Task
Only the lines below from the one containing "Buy OFFLINE By" through the one containing "A slice of strawberry cream pie on a plate." belong in the answer, repeated exactly and without pictures.

Input
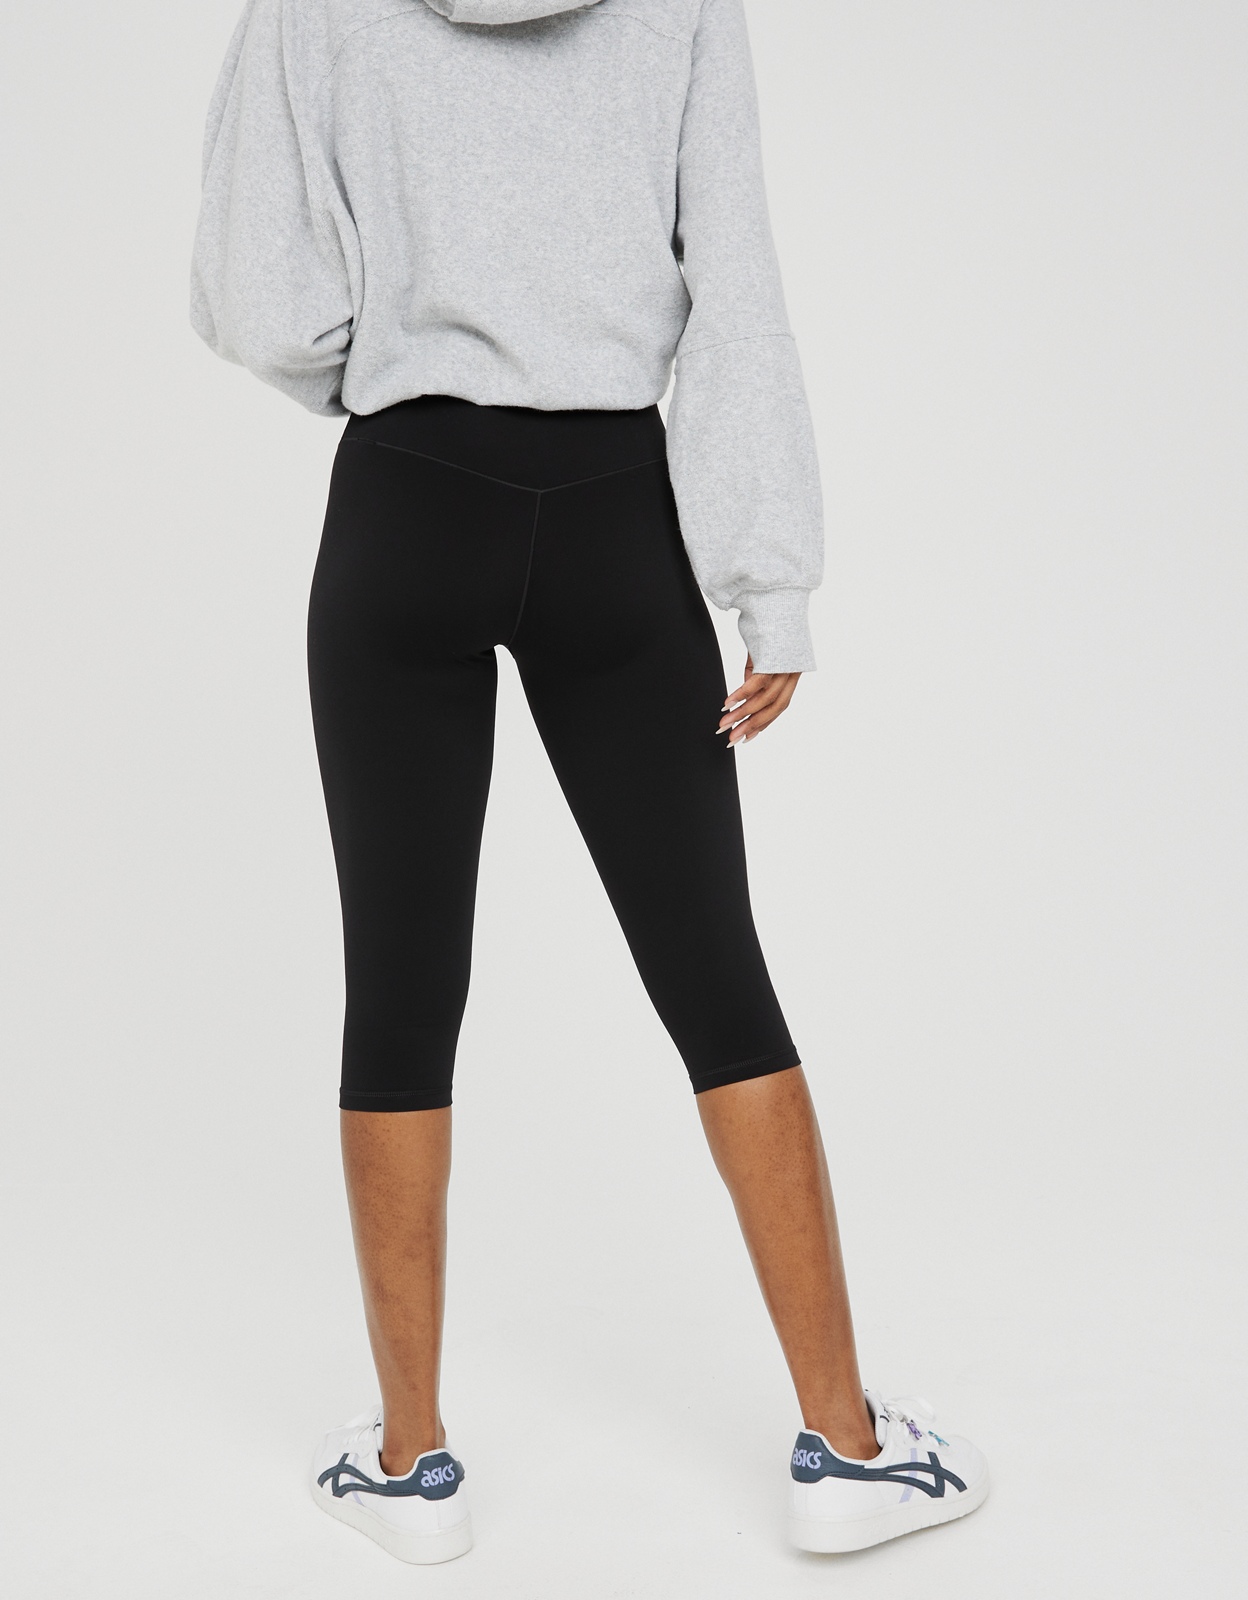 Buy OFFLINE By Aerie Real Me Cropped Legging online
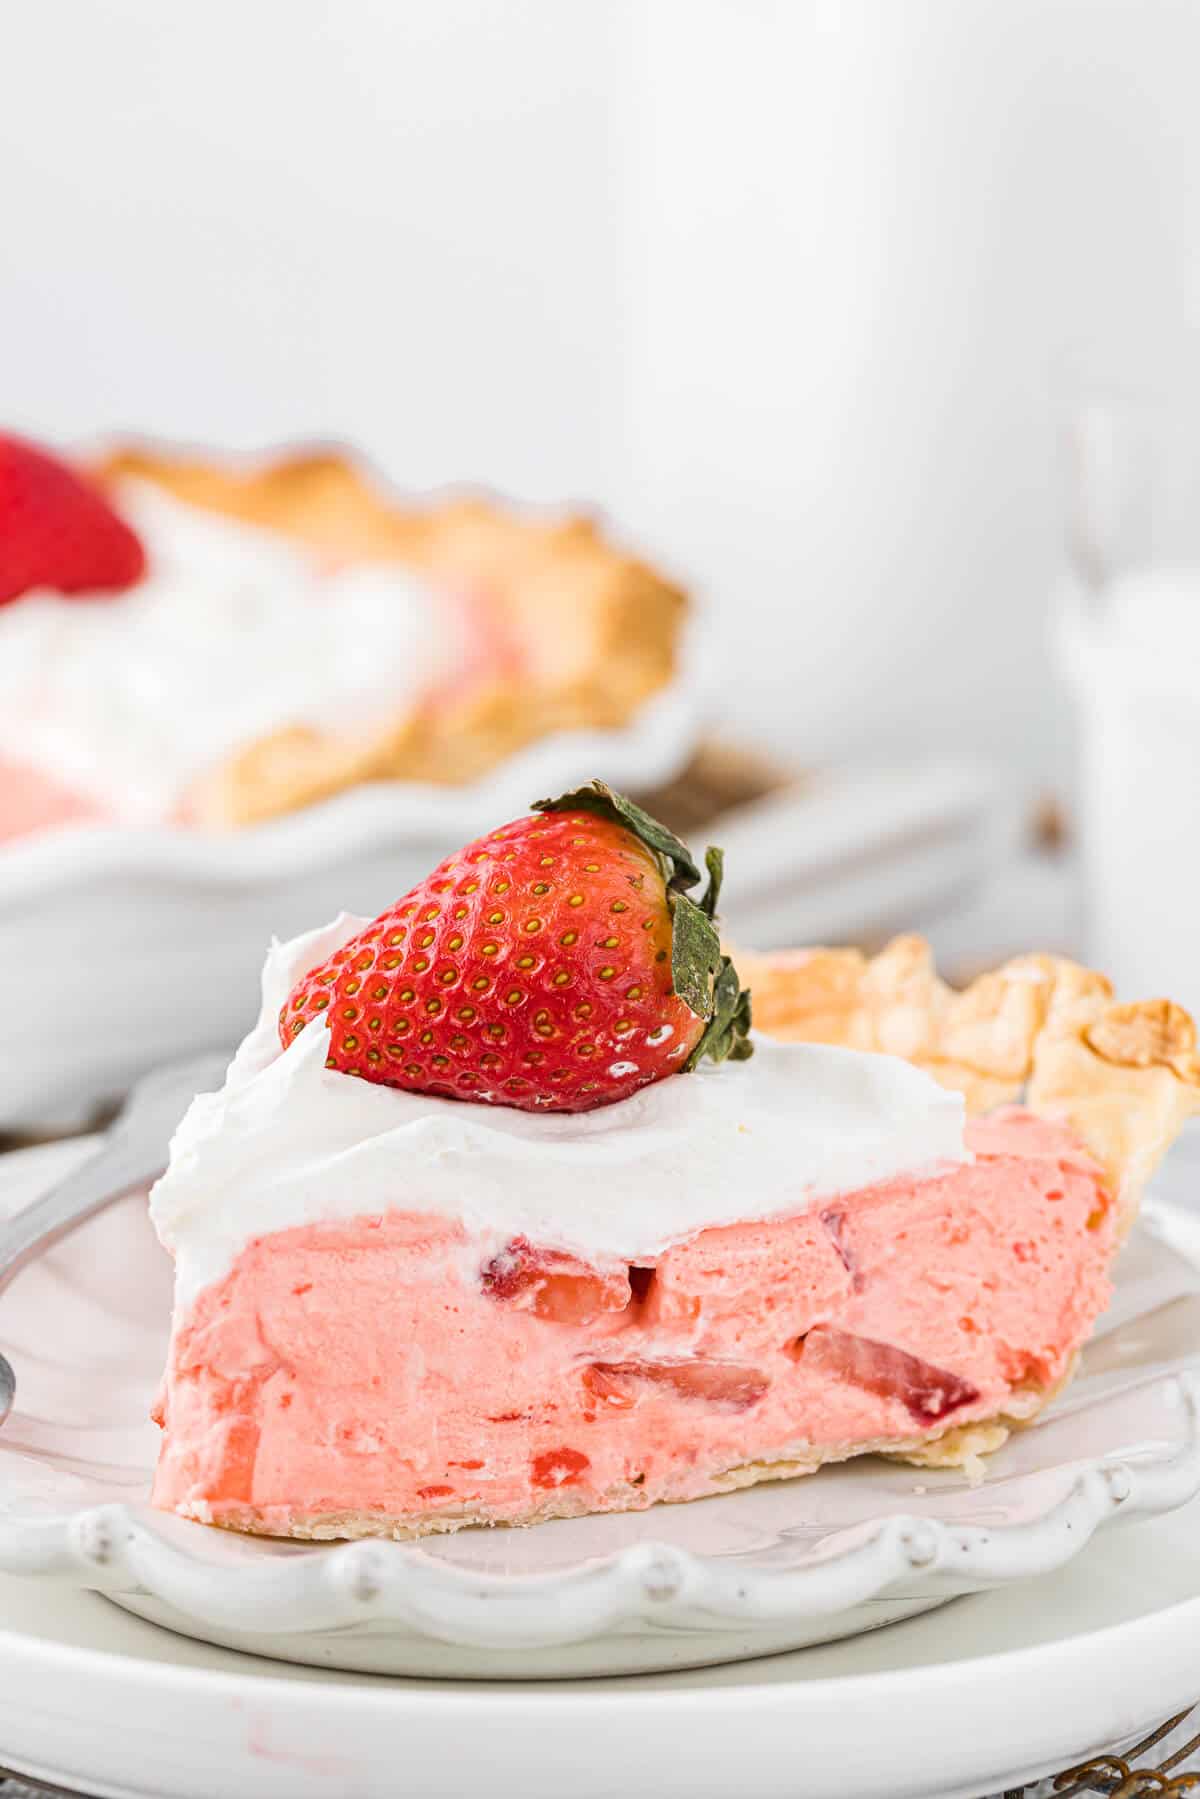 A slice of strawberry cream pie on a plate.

...

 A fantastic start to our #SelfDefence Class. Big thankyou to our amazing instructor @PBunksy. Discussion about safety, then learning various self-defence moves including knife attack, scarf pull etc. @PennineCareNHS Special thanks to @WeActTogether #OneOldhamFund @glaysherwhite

* * *

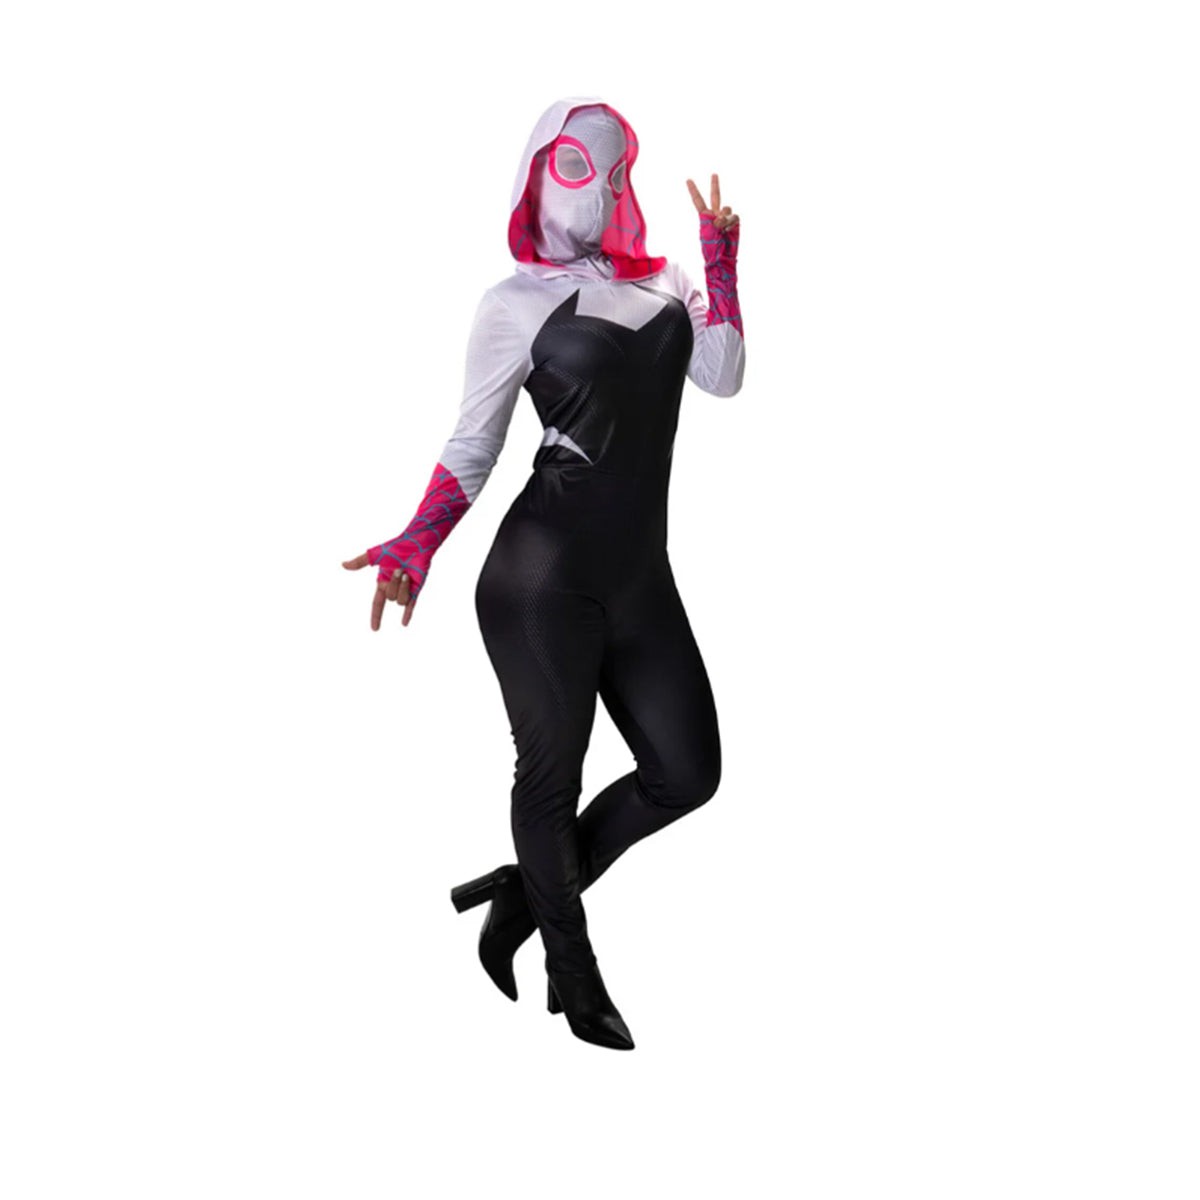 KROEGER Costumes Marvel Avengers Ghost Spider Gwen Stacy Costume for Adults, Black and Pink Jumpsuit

Result below
 Buy OFFLINE By Aerie Real Me Cropped Legging online
 A slice of strawberry cream pie on a plate.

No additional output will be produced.